Figure 4. Wt1, an upstream candidate for Dmy regulation.

(A) Dmy and Wt1a expression were analysed using several early stage samples (S4-S18) to assess the precise start point of zygotic expression (XX, white columns and XY, grey columns). (B) Differences in Wt1a expression between control (white columns) and Dmy-KD (grey columns) XY embryos during gonadal differentiation (S20-S39) were also analysed by real-time PCR. (C,D) Wt1a specific whole mount ISH of Dmy-KD XY (C) and control XY (D) embryos (stage 22) showed no virtual difference. (E) Luciferase assays using HEK293 cells showed a dose dependent activation of Dmy promoter by Wt1a KTS (−). Graphical data are presented as an average of three independent experiments, each containing triplicates of individual sampling group. Error bars represent SEM. Letters (a–c) above the bars indicate that these groups differ significantly from each other at p < 0.05.

Figure 5. Gsdf and Sox9a2 are potential downstream targets of Dmy.

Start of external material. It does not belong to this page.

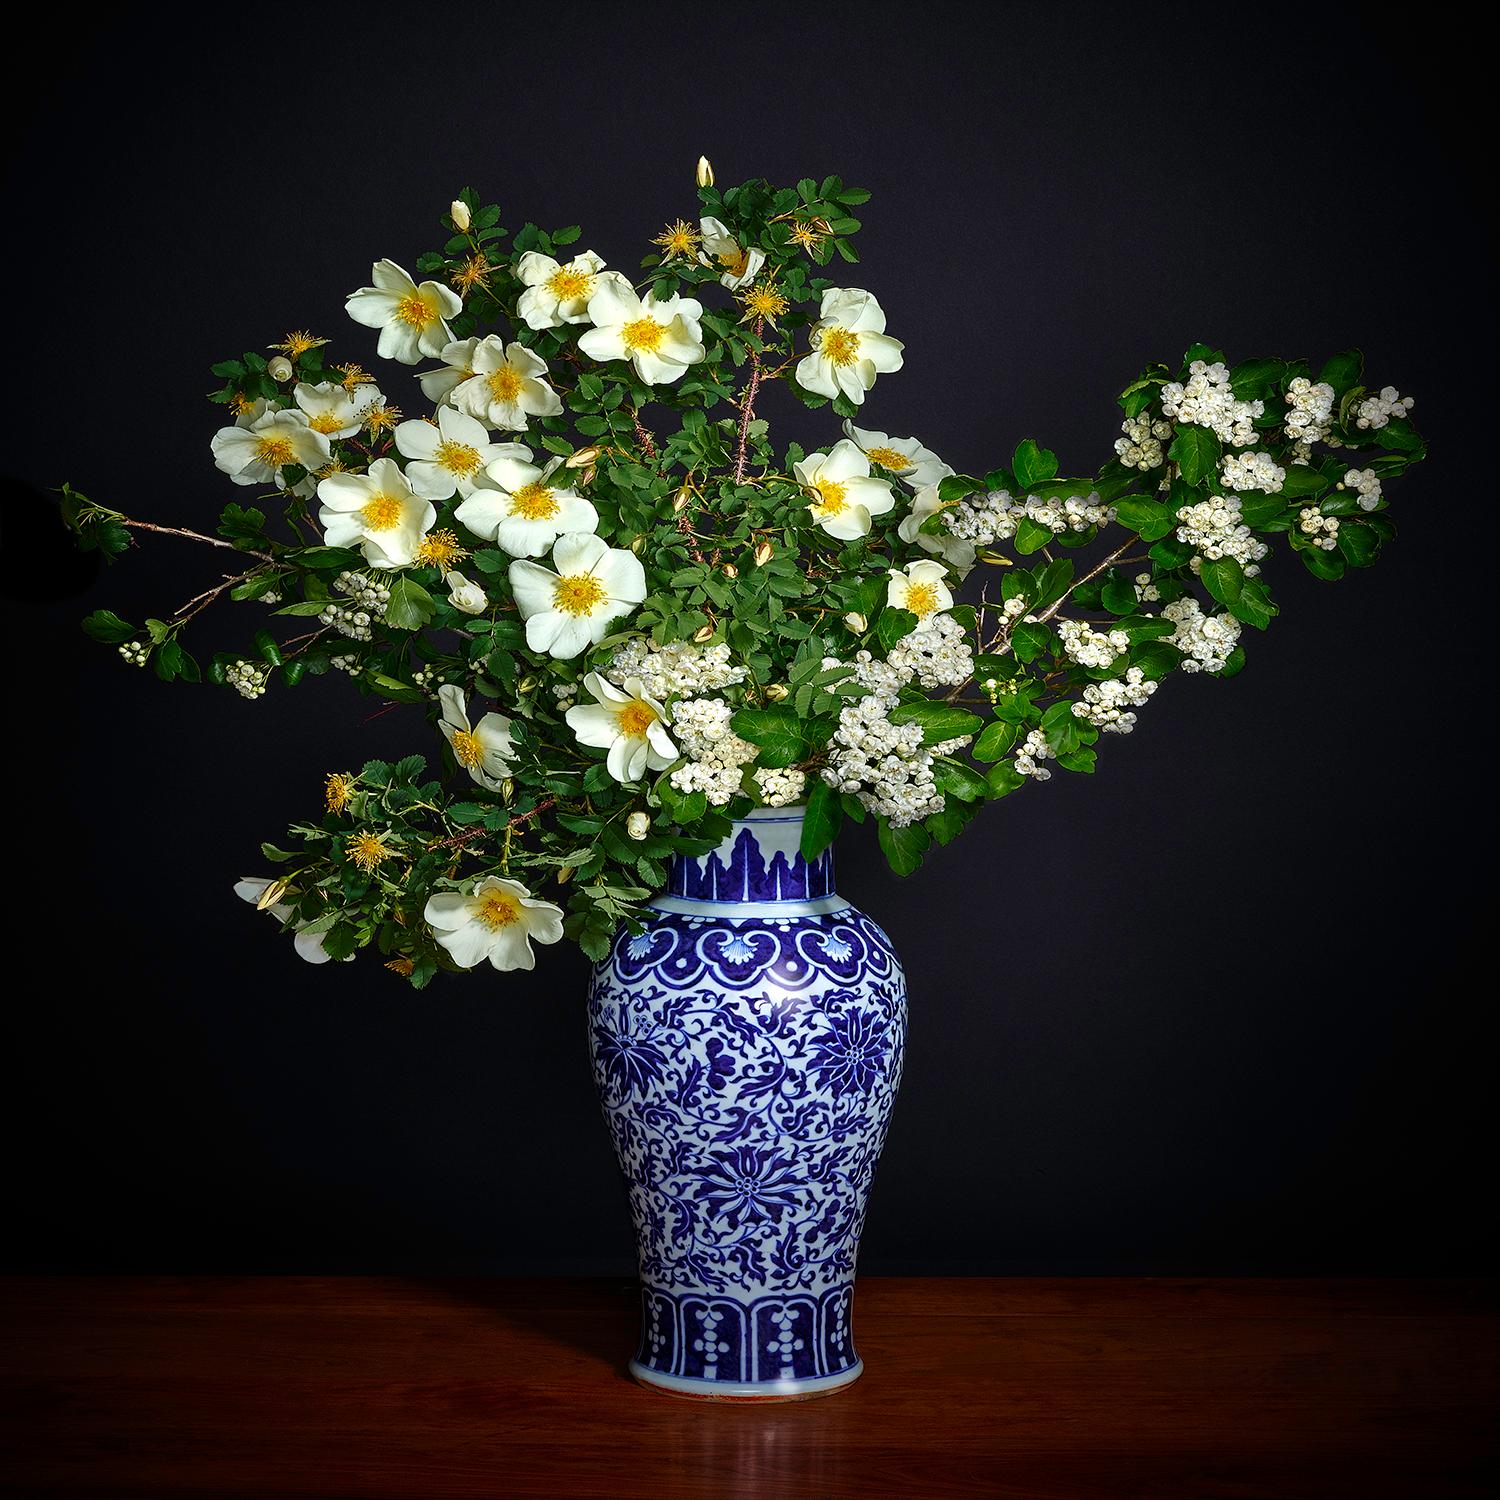 T.M. Glass Color Photograph - White Hawthorne & White Shrub Rose in a Blue and White Chinese Vase

(A) In vivo chromatin immunoprecipitation analysis of candidate Dmy targets. Relative expression to control input was calculated using real-time PCR and plotted on the graph. Data are presented as means ± SEM of 4 separate experiments and significances (p < 0.05) are denoted by different letters. (B) Effects of Dmy overexpression on Gsdf and Sox9a2 promoter activity (upper panel) and mRNA transcription (lower panel) were ascertained. (C) Differences in Dmy expression between control (white columns) and olvas-eGFP-Dmy-KD co-injected with Gsdf-cherry and Sox9a2-cyan (grey columns) XY embryos during gonadal differentiation (S20-S39) were assessed using real-time PCR. (D) Representative images showing the germ cell distribution in Olvas-eGFP-control XX, Olvas-eGFP-Dmy-KD-XY embryos at S39 after control (upper panel) and Gsdf/Sox9a2 (lower panel) mRNA injection. Isolated and cluster germ cells are marked with ‘*’ and ‘#’, respectively. Note: Clustered germ cells are representative of female type gonadal development (N = 9/ group). (E) The total number of germ cells was plotted (Y-axis) against different injected groups (X-axis). Data are presented as means of 10 individuals (error bars represent SEM). Different letters (a–d) indicate significant differences from other groups at p < 0.05. Note: C, G, S, and G + S represents PBS, Gsdf-cherry, Sox9a2-cyan, and Gsdf-cherry/Sox9a2-cyan mRNA injected embryos, respectively. (F) The gonadal sexuality of olvas-eGFP-Dmy-KD embryos co-overexpressed with Gsdf-Sox9a2 (N = 7) was assessed at maturity. (Scale bar, 20 μm).